On one of my morning drives to work in January, I was sitting listening to this guy on my stereo, and he was talking about this book called ‘365 days with Jesus” began to read it THAT BOOK SAVED MY LIFE
My morning routine used to be, wake up, search for my phone and rush to instagram, compare my life with other peoples life’s and then go ahead to feel sorry for myself, go into the bathroom get on the scale and see i had amassed another pound or even three.
Anyways I got my book and at first I would read it just because, and then gradually as the days would go by, I started to take it more seriously and relate the message to my everyday life. Someone told me about “open heavens” and I got that too and believe me slowly but surely i am beginning to climb out of that darkness. I wake up every morning with my bible by my side, feeling expectant for the message of the day.
On Sunday, Bishop TD Jakes, preached the message, ‘process to progress” He ended that message by saying that God was getting ready to turn “MY’ situation around. I can’t explain how exhilarating it was, I took the word and believed it.
Now, why am i sharing this very vulnerable part of my life with you? Is it because I want some negative Nancy to jump on here and judge me? Or I need someone to feel sorry for me? Thank you in advance, I do not need anyone feeling sorry for me I have had 5 treacherous months to do that and I am DONE!
It is to encourage someone. I still struggle daily. I went to bed last night a little anxious and I got up this morning and one of my bible readings for the day was ‘Habakkuk 2;3’ That was all I needed to go on my merry way.
As regards my weight loss, last time i checked, I am down to 283 llbs. I am back in the gym and putting in Werk. I wasn’t really worried about the weight gain, because I have that ONLOCK, I know exactly what to do to get the weight down, although its frustrating to start all over again.
Anytime I feel like slipping up i get up and speak Gods words back to him “Godfessions’ Father u said man shall not live by bread alone right?

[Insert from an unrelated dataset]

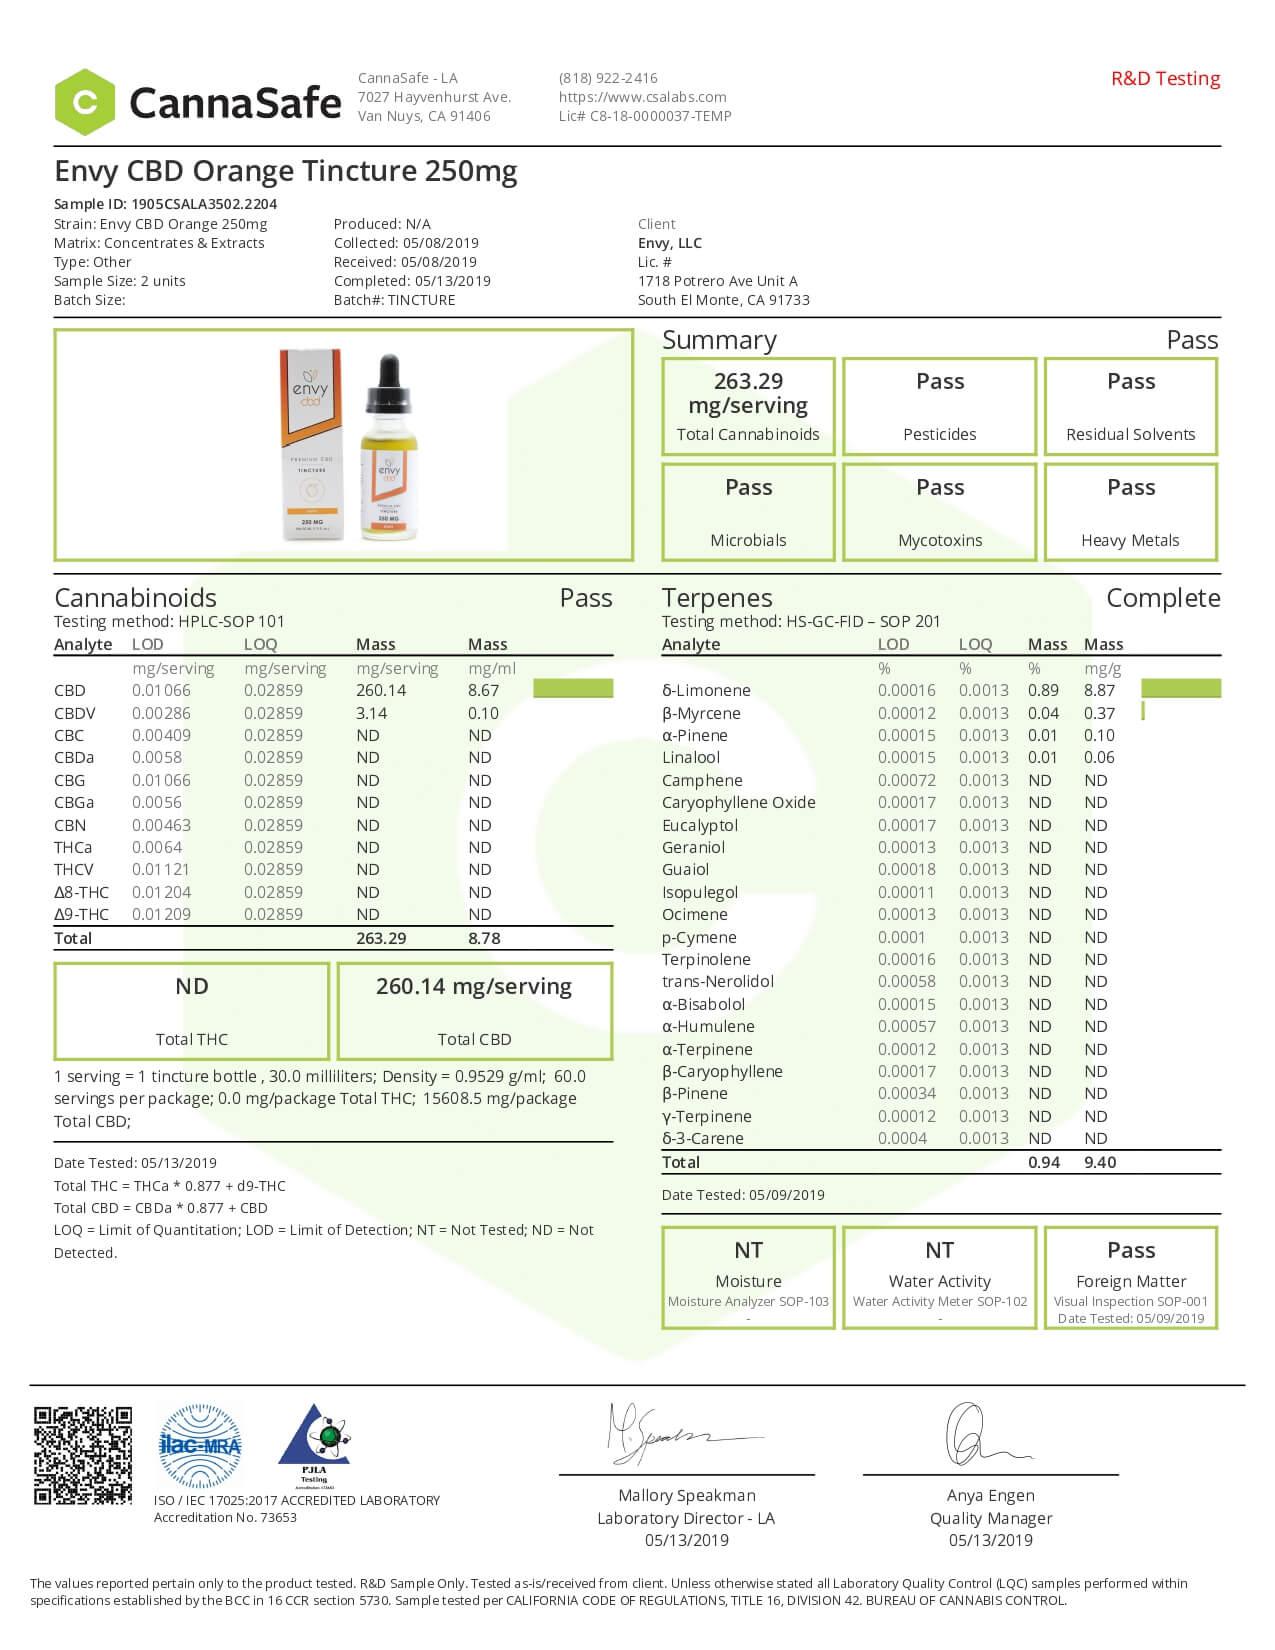 ENVY CBD Tincture Orange 250mg Lab Report

You gat to come and take this demonic craving for cinnamon pretzels away (Those things can make me commit sin) and believe it or NOT, he comes and makes my butternut squash soup taste like ice cream. LOL.
This blog was my outlet when I first started this journey, where I could come and rant and laugh and cry about good and bad , so i am back people , am going to take you on this whirlwind with me, through and through.
I am going to leave you with this message, “ WHEN YOU ARE DOWN TO NOTHING, ALWAYS REMEMBER GOD IS UP TO SOMETHING, TAKE IT AND LEAVE IT AT GODS FEET.